Дидько (Черт).
Гу-гу-гу!.. Ого-го!.. Ха-ха-ха!.. – разлетелось по лесу тихой летней ночью.
Две путние бабы, которые шли на богомолье и припозднились засветло дойти до села, испуганно перекрестились, им стало жутко, хотя они и подумали, что то закричал филин.

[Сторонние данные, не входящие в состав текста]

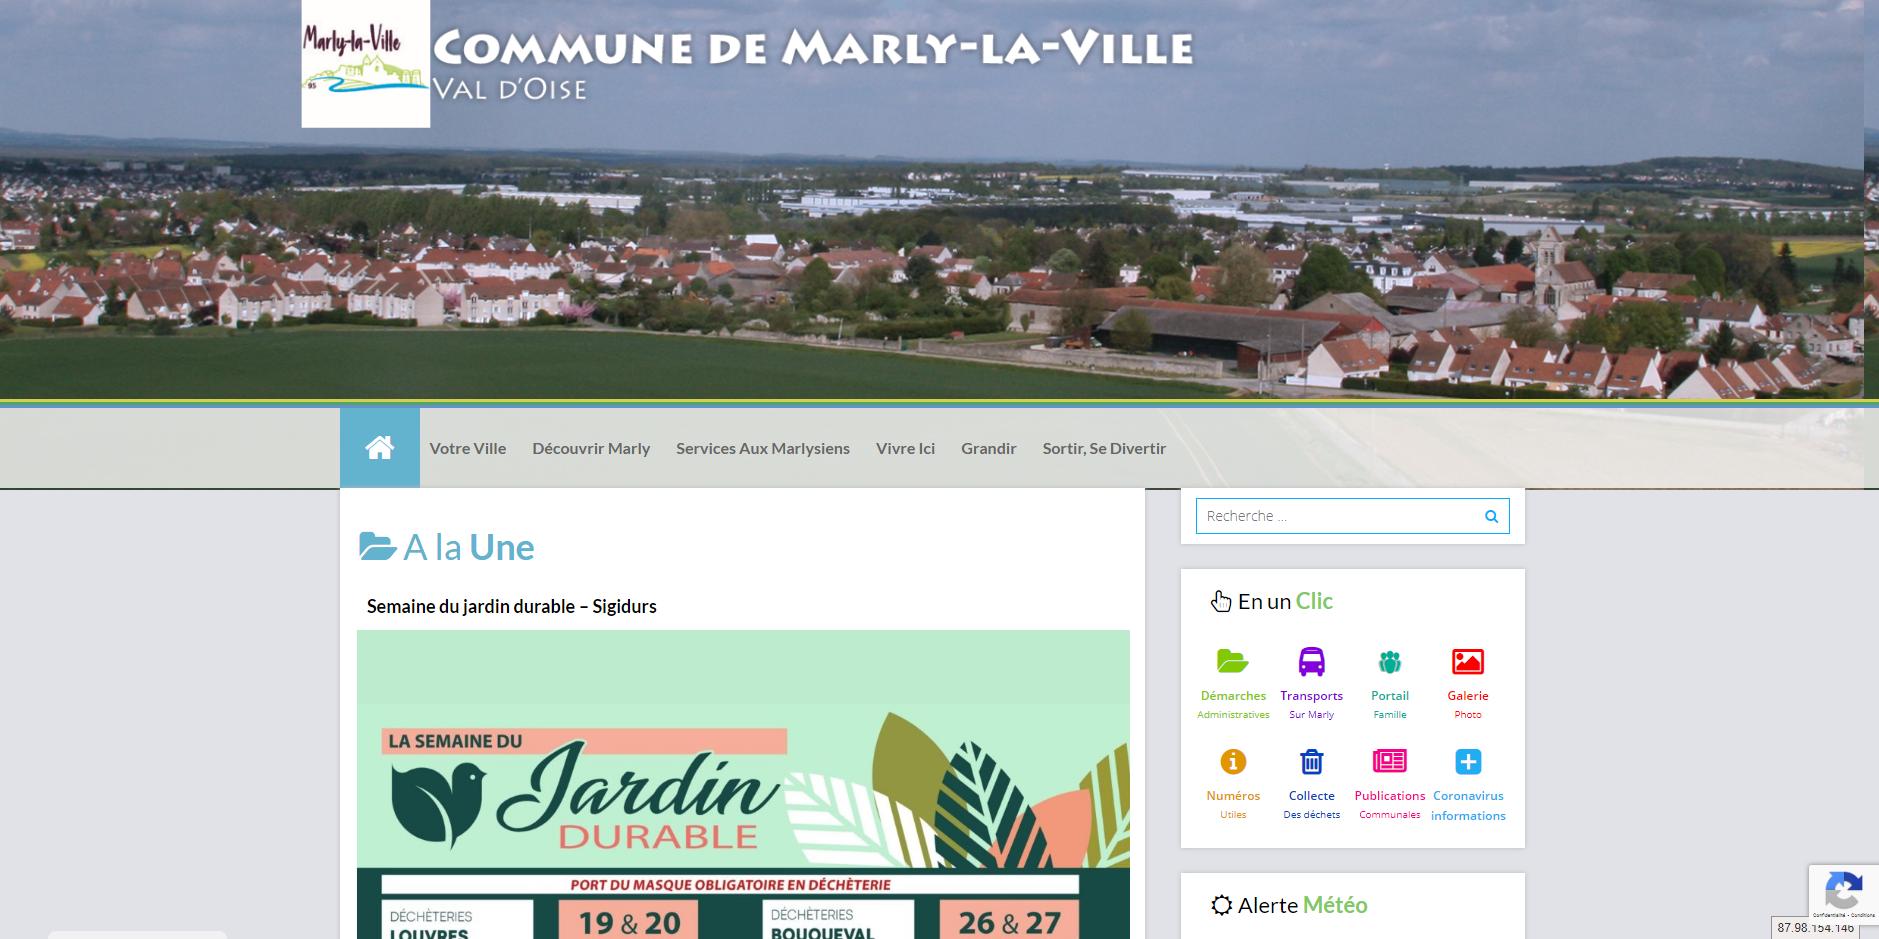 site de Marly-la-ville

Но все лесные создания хорошо знали, что это кричит Черт Гепатий, который каждой пятницы прибегал в лес из соседнего большого болота, чтобы немного позабавиться в компании другой Невидимой Силы. Любил он пошутить, посмеяться, испугать человека. Когда же начинал рассказывать истории, то все только головами крутили. А старый степенный Лесовик, что все время нюхал вместо табака труху, потихоньку наклонялся к своему товарищу Водяному, незаметно поводил седой бровью и приговаривал:
- Слушай, слушай! Врет Бесов сын, как шелком шьет!..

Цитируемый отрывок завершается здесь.